Given material |
- - - - -

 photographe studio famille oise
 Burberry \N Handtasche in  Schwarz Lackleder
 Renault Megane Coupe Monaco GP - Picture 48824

- - - - -

Exercise description |
Please retype the data above exactly, including every line.

Answer space |
 photographe studio famille oise
 Burberry \N Handtasche in  Schwarz Lackleder
 Renault Megane Coupe Monaco GP - Picture 48824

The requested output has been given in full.